The fact that “eternal” is part of the semantic domain of αιωνιος simply isn’t in dispute. You are correct that the semantic domain is *wider* than the concept of “eternal,” but your insistence that a particular rendering is more appropriate than another must be informed by syntax and contextual features. You must learn to distinguish between an assertion and an argument.

But which texts do you have in mind? Many texts that I “use” to support an eternal hell don’t even have the term αιωνιος in them. Again the concept, not the word, is what matters.

“So if the word is in doubt would it not make more sense to re-translate rather than put forward a round about explanation of the rest of the biblical texts?”

I’m sorry, but for someone who hasn’t presented any exegesis of the relevant texts, you aren’t in a position of charging others with “round about” explanations.
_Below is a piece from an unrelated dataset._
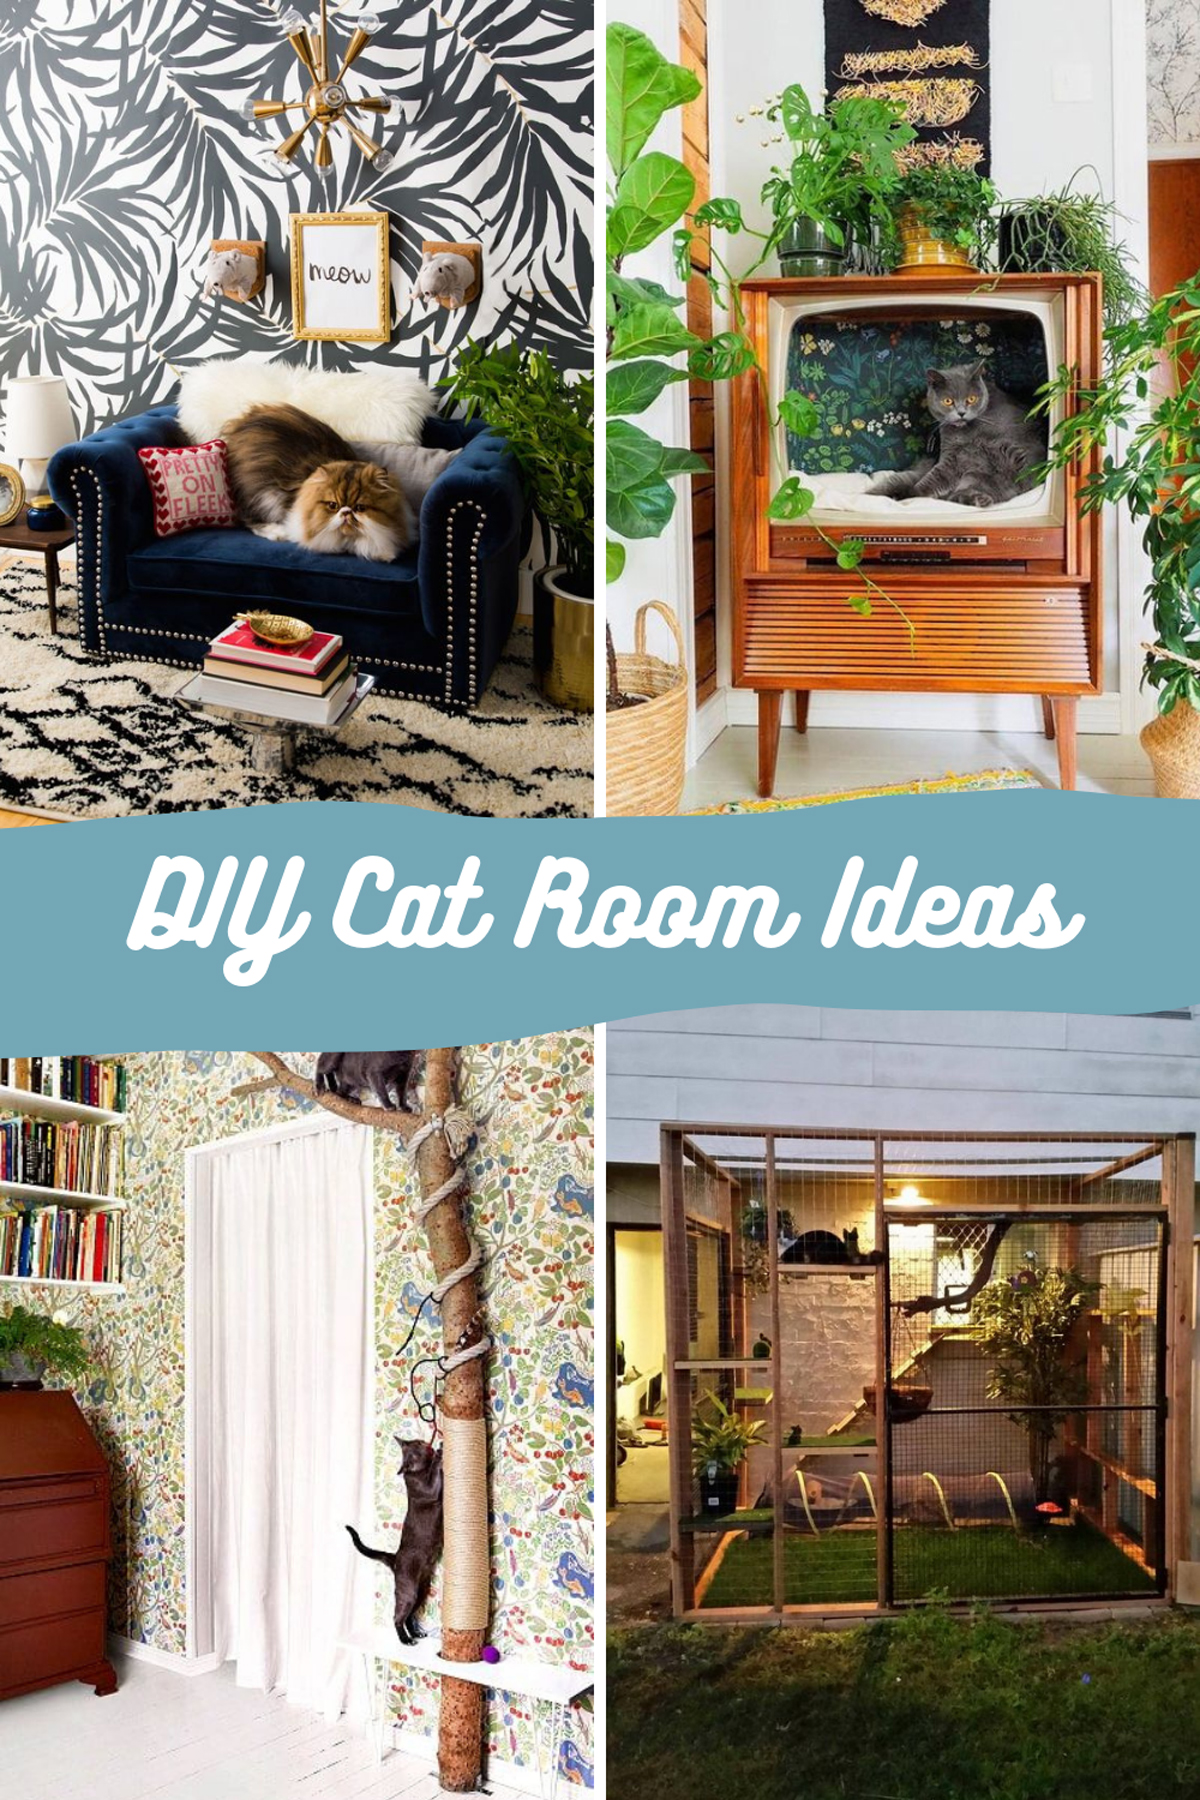 DIY Cat Room Ideas

“Especially when the end result is more consistent with God’s sovereignty and will (not that I am saying it is unjustifiable otherwise, but simply that this explanation is better), and God being described as love and having perfect patience, unending mercy etc.”

We need to distinguish between those descriptions of God within the Scriptural context and your assumptions of what those descriptions must imply.

“First off I cannot because the only ones I can find on the internet are for bible students and are therefore narrow in scope, limited by theology, and have a vested interest in being usable to orthodox bible students”

I pointed you to the standard work, Bauer-Danker-Arndt-Gingrich. Since the initial lexicographer, Walter Bauer, was a liberal German scholar, you can’t exactly charge that work with an inordinate commitment to orthodoxy.

“Secondly, historically (and I have not yet found anyone claiming differently so I will assume it is true) universalism was vibrant in the first 400 or so years of the church”

See Kostenberger and Kruger, The Heresy of Orthodoxy:

“I believe that independent of these verses there is far more reason to believe that Tim 4:16, 1 John 2:1-2, Eph 1:3-7, Col. 1:9-21, Corinthians 15:21-28 say exactly what they appear to say and re-translation is necessary not re-interpretation.”

Again, I have responded on Eph. 1 and 1 Cor. 15. And, again, I disagree with your functional methodology. Lexicology is not determined by theology.

“What I mean about Paul’s views on women is that he justifies his claims that women should not speak in church and that they should submit to their husbands, by referencing how women were created from men and therefore subordinate.”

It seems that you are confusing 1 Cor. 14 and 1 Tim. 2, which I distinguished in my response to you.

But here’s the issue: You continue to assume that Paul is wrong. On what basis? Why are you right, and Paul wrong? And my point is that this betrays the functional position in which a denial of inerrancy places you—you become the final arbiter for truth.

“Also on a secondary note, how does one of strict inerrancy hold the idea of the Trinity? Which, as you pointed out, is contradicted multiple times by Jesus?”

I did not point that out, but referenced Islamic arguments in order to make a point, assuming that you would find them to be unconvincing. Apparently I was wrong. Safe to say I reject your assertion that Jesus contradicts the doctrine of the Trinity. But I do not have the time to go down that road. For discussion of those passages, see James White, The Forgotten Trinity ( ).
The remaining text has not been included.